The Second Division consisted of the regular members and in
addition Referee James P. Carey, Jr. when award was rendered.
SYSTEM FEDERATION NO. 2, RAILWAY EMPLOYES'
DEPARTMENT, A. F. of L. - C. I. O. (Carmen)
EMPLOYES' STATEMENT OF FACTS: Mr. C. E. Jones, hereinafter referred to as the claimant, regularly employed by the Missouri Pacific Railroad Company, hereinafter referred to as the carrier, as a car oiler at Lesperance Street Yards, St. Louis, Missouri, with hours of 4:00 P. M. to 12 Midnight, work week Monday through Friday, rest days Saturday and Sunday.
The carrier summoned the claimant as a witness at an investigation held in the office of the superintendent, beginning at 9:00 A. M., Friday, November 23, 1956. The claimant reported as requested and was required to remain at the investigation from 9:00 A. M. to 10:45 A. M. a total of one hour and forty-five minutes.
The employes herewith submit Exhibit A which is letter dated January 18, 1957, addressed to Local Chairman Carl B. Edwards, signed by general car foreman, Mr. T. A. Cummings, substantiating the fact that the claimant was a carrier witness and requested to attend the investigation on his off hours. The claimant was not being investigated nor did he have a personal interest in the investigation, other than carrying out the instructions of the carrier to appear as a witness for them.

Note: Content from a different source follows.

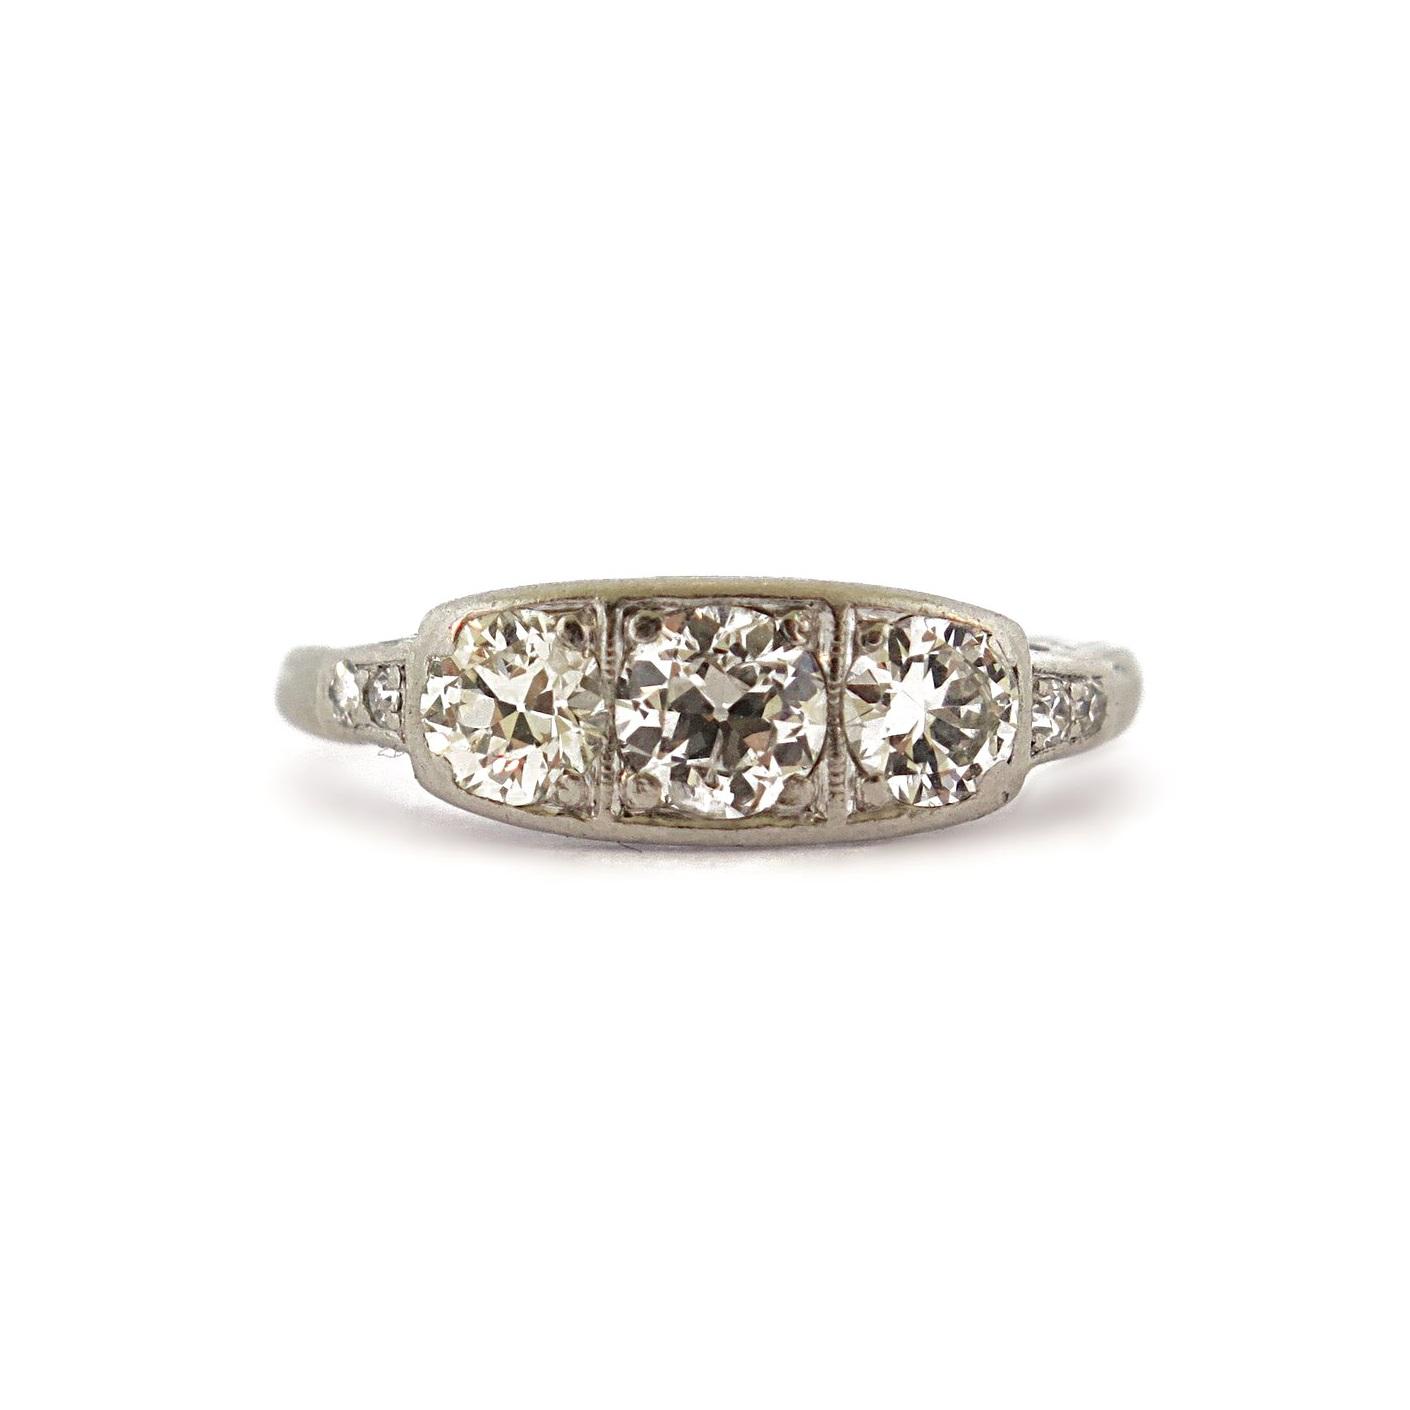 Edwardian Three Stone Diamond Ring

Sometimes the exception proves the rule and we have such an exception on this property. Signalmen are widely scattered over the property. The use of their services often requires considerable traveling contrary to the situation with the shop crafts. In Award 6374 of the Third Division, we find a claim from a signal foreman on this property for 16 hours pay at the punitive rate for giving a deposition on his off day. The rule is quoted in the award which entitled the claimant to 8 hours pay at the straight time rate. The claim was denied and payment under the specific rule approved. The carrier in course of collective bargaining agreed to the rule in view of the working conditions of signalmen. The rule illustrates a type of rule that resulted from collective bargaining in a specific situation. Note that although 16 hours of claimant's time was consumed, he was allowed only 8 hours and that at the straight time rate even though it was a rest day. It is interesting to note that the same referee sat with the Third Division in that dispute as sat with this Division in Docket 2561, Award 2736.

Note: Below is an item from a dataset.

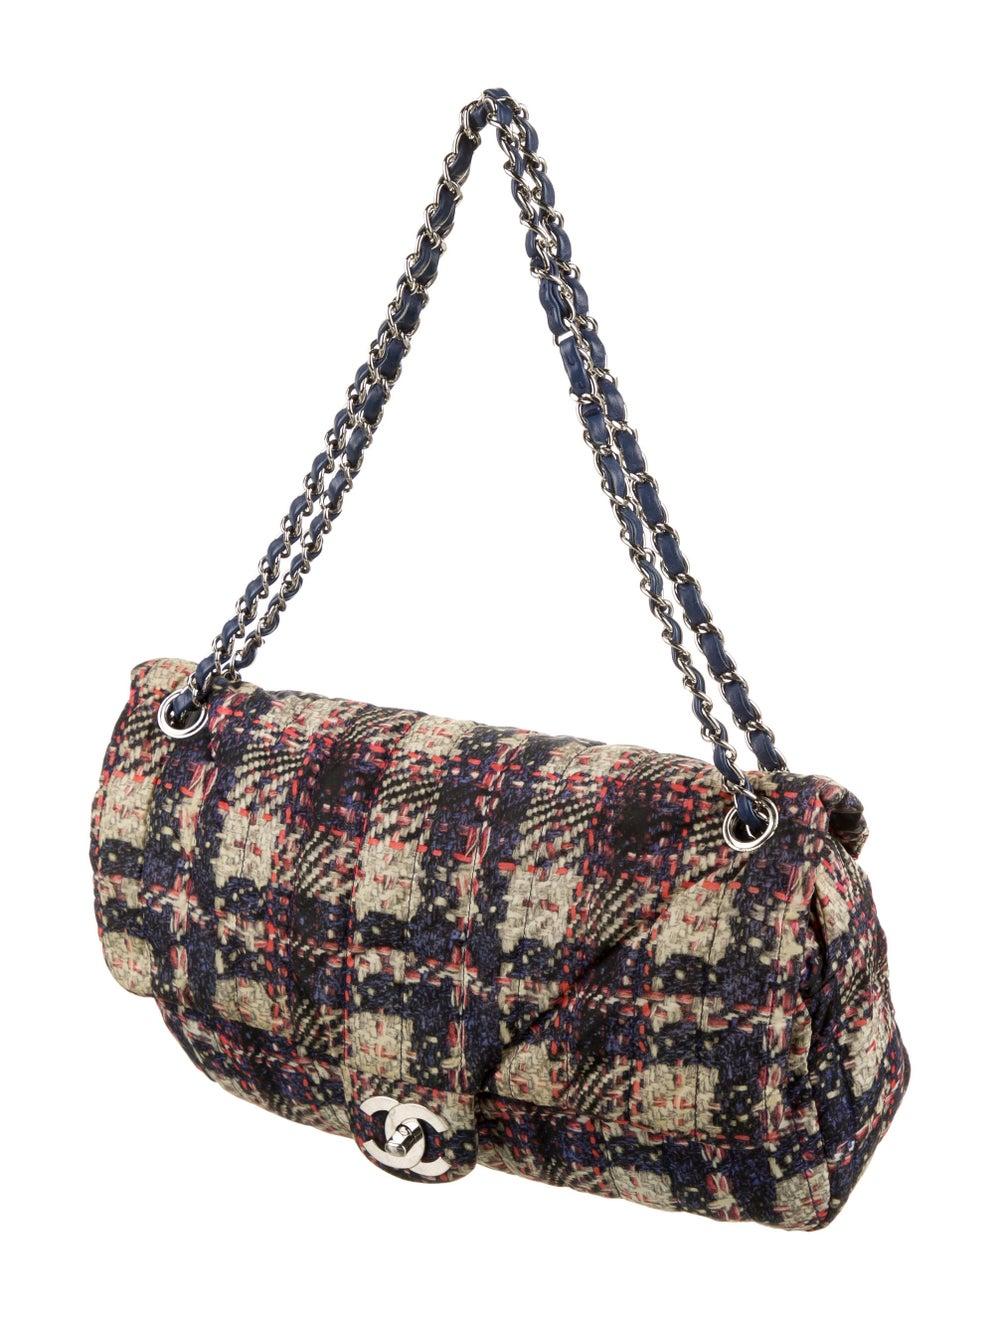 Chanel Medium Nylon Tweed Flap Bag Blue - image 3

The same considerations would enter into a decision to determine the terms of an implied contract if Judge Swacker's theory were pursued. The facts which we have discussed immediately above are the factors which an equity court would consider. For that reason the carrier emphatically states that the doctrine of implied contract has been improperly applied if this Division should consider the doctrine within its province to apply which the carrier states is not within its province.
To summarize, we have shown that the carrier is entitled to reargue the issues in Award 2736 because of new evidence. We have shown that the agreement is intentionally devoid of a special rule covering the issue in this claim as the result of collective bargaining. We have shown that the claim is not supported by the practice on this property. We have shown that rules cited by the employes have no application to claims of this nature. It follows that this Board has no alternative but to dismiss the claims for lack of any authority upon which it can resolve the dispute.
But if the Board should not deny the claim, then the claim cannot be sustained as presented because the amount requested is unreasonable and excessive for the time and effort expended.
The carrier is firmly convinced that the proper course for this Board is to dismiss the claim because not supported by the rules.
FINDINGS: The Second Division of the Adjustment Board, upon the whole record and all the evidence, finds that:
The carrier or carriers and the employe or employes involved in this dispute are respectively carrier and employe within the meaning of the Railway Labor Act as approved June 21, 1934.
This Division of the Adjustment Board has jurisdiction over the dispute involved herein.
The majority states "We find nothing in the classification of work rules which can be said to afford a reasonable basis for allowing compensation such as is claimed here." Such reasoning, if followed to a logical conclusion, would make it necessary to define even the most minute details involving every type of service to be performed. However, there is no need for specifically defining every possible service to be performed since it is an elementary principle of the law of contract that if the employer calls upon the employe to perform any service the employer thereby creates an obligation to pay for such service if the employe responds. The claimant was called by the carrier to attend an investigation. He responded and unless he is compensated for such service he is being unjustly dealt with. The service performed lies within the scope of the collective agreement and we submit that a reasonable interpretation of Rule 4 requires that claimant be compensated in accordance with its terms.